Milwaukee, notable for its clean government, is described as a city where "you can buy a judge for $200 and an alderman for $50. Socialists take at standard prices." Milwaukee newsmen pointed out that the mayor is the only Socialist official, and no one has ever questioned his integrity.
Newsmen might find one explanation of the errors in Lait & Mortimer's unusual method of reporting, as they described it. "We get our information," said Lait, "mostly from people who don't like the people we write about." Mortimer, who did most of the leg work for the book, flitted about the U.S., mostly in one-and two-night stands, talked to some retired officials and sifted through gossip and tips. Explained Mortimer: "Find a smart cab driver and you're set." But the best sources for leads in any city, says Lait, "are bell captains. With them you don't need to use any finesse. Just hand them a $20 bill."
Suits. After one look at the result of such reporting methods, the Dallas Times-Herald fired off a wire to Hearst's King Features Syndicate: "We have been accepting Jack Lait's column as a substitute for Winchell, and we do not want it ever again. We do not countenance inaccurate, slipshod, muckraking reporting." The Arkansas Gazette and the Nashville Tennessean followed suit. Dallas' elegant Neiman-Marcus store notified Lait, Mortimer and publishers that it will file a libel suit on behalf of its "1,300 decent, loyal" employees, who were sweepingly maligned.
In Massachusetts, where Boss Daniel I. Murphy of the "venal" state police is described as a stooge of the governor, Paul A. Dever, state troopers marched into bookstores, threatened libel action against anyone who sold the "foul, libelous and obscene" book. The book was withdrawn by many stores. In Seattle, "a regimented and restricted town owned by the multimillionaire mikado of the A.F.L. Teamsters, 58-year-old Dave Beck," the powerful union boss warned every bookseller in the state that he would be subject to libel action if he dared distribute the book. Tulsa is described as a "practically lawless" city where "nothing goes . . . unless Sheriff George Elaine says so." Elaine, state Bible secretary of the Gideons society, prepared to file libel suit. Said Milwaukee's Mayor Frank P. Zeidler: "In addition to being obscene and untrue, this book reeks of race hatred, concentrating on the Negro, Italian and Jew."

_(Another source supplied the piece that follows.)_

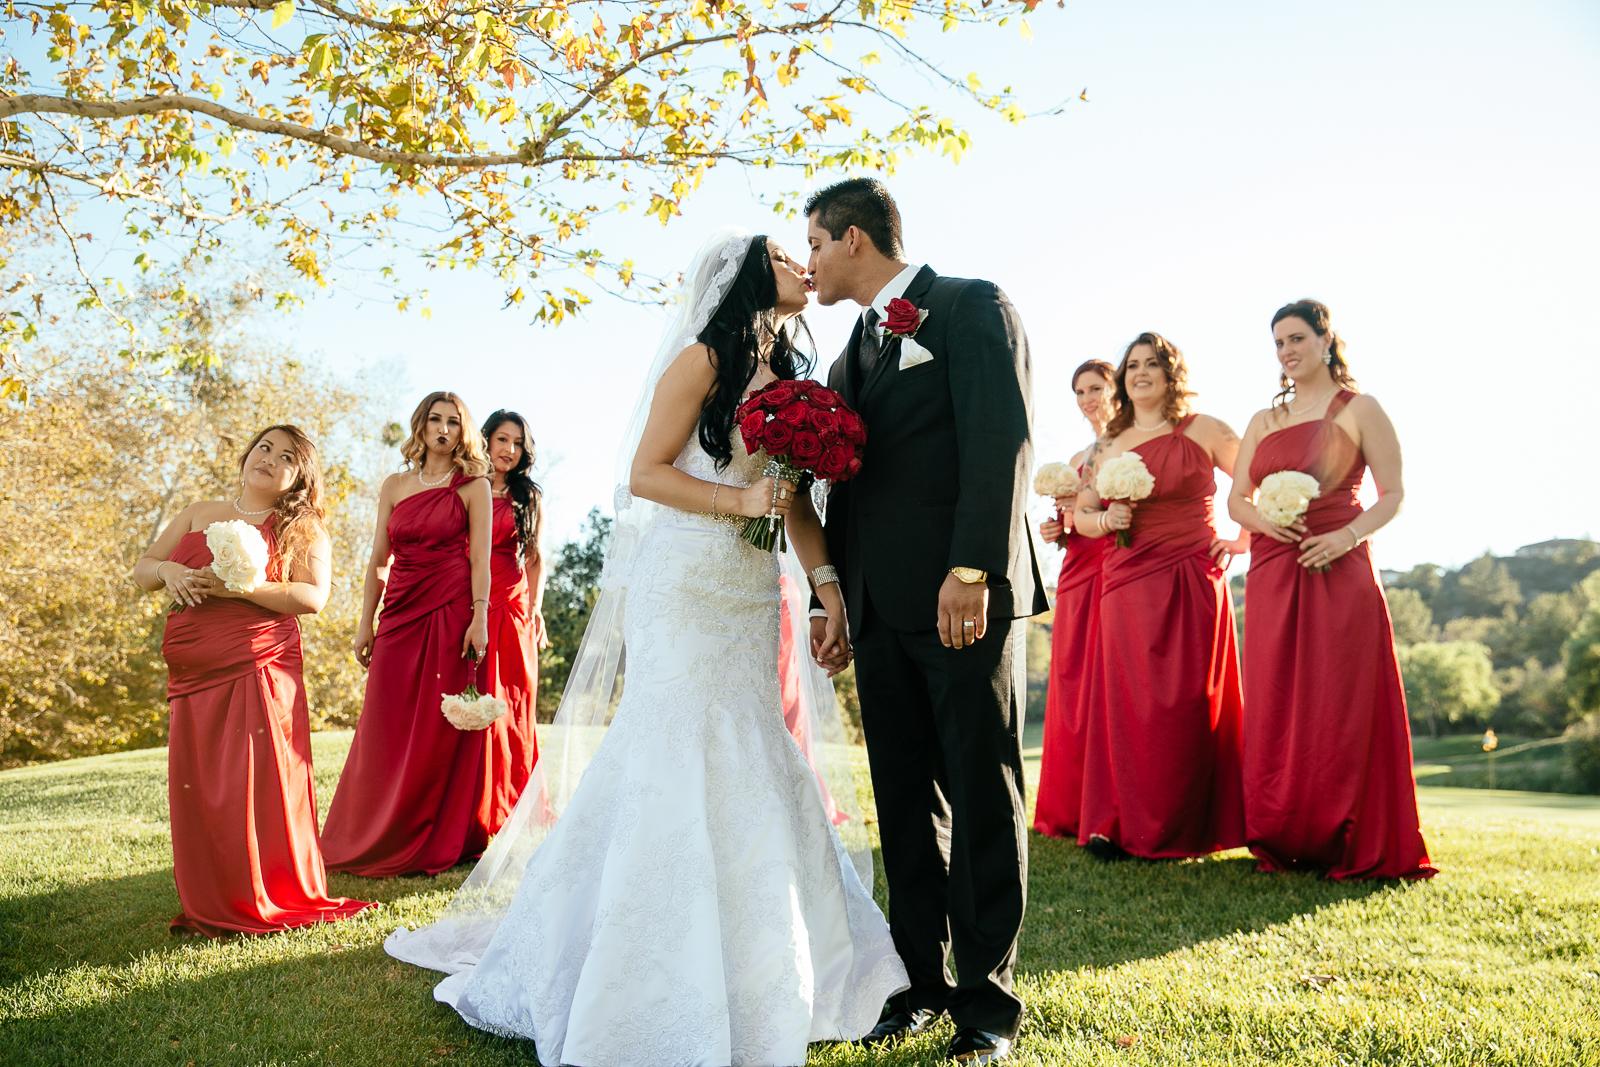 STACIE_&_JESUS_WEDDING_WEDGEWOOD_FALLBROOK_2015_2015_IMG_4586.JPG

As the uproar increased, many booksellers said they had changed their minds about pushing the book. Some of them took what copies they had off the shelves and put them under the counter. One of Chicago's biggest booksellers, Joseph W. Faulkner, sliced his order in half, refused to mail out ads for the book. Said he: "It's vicious, nasty and hypocritical . . . We've got to supply the demand, but we'll not recommend the book or circularize it."
* Whose Sunday-night broadcast and Mirror column began again this week after Winchell had a "complete rest . . . ordered" by his doctors. The New York Post resumed its attack on Winchell (TIME, Jan. 21), which had been suspended until he was "in a position to answer back."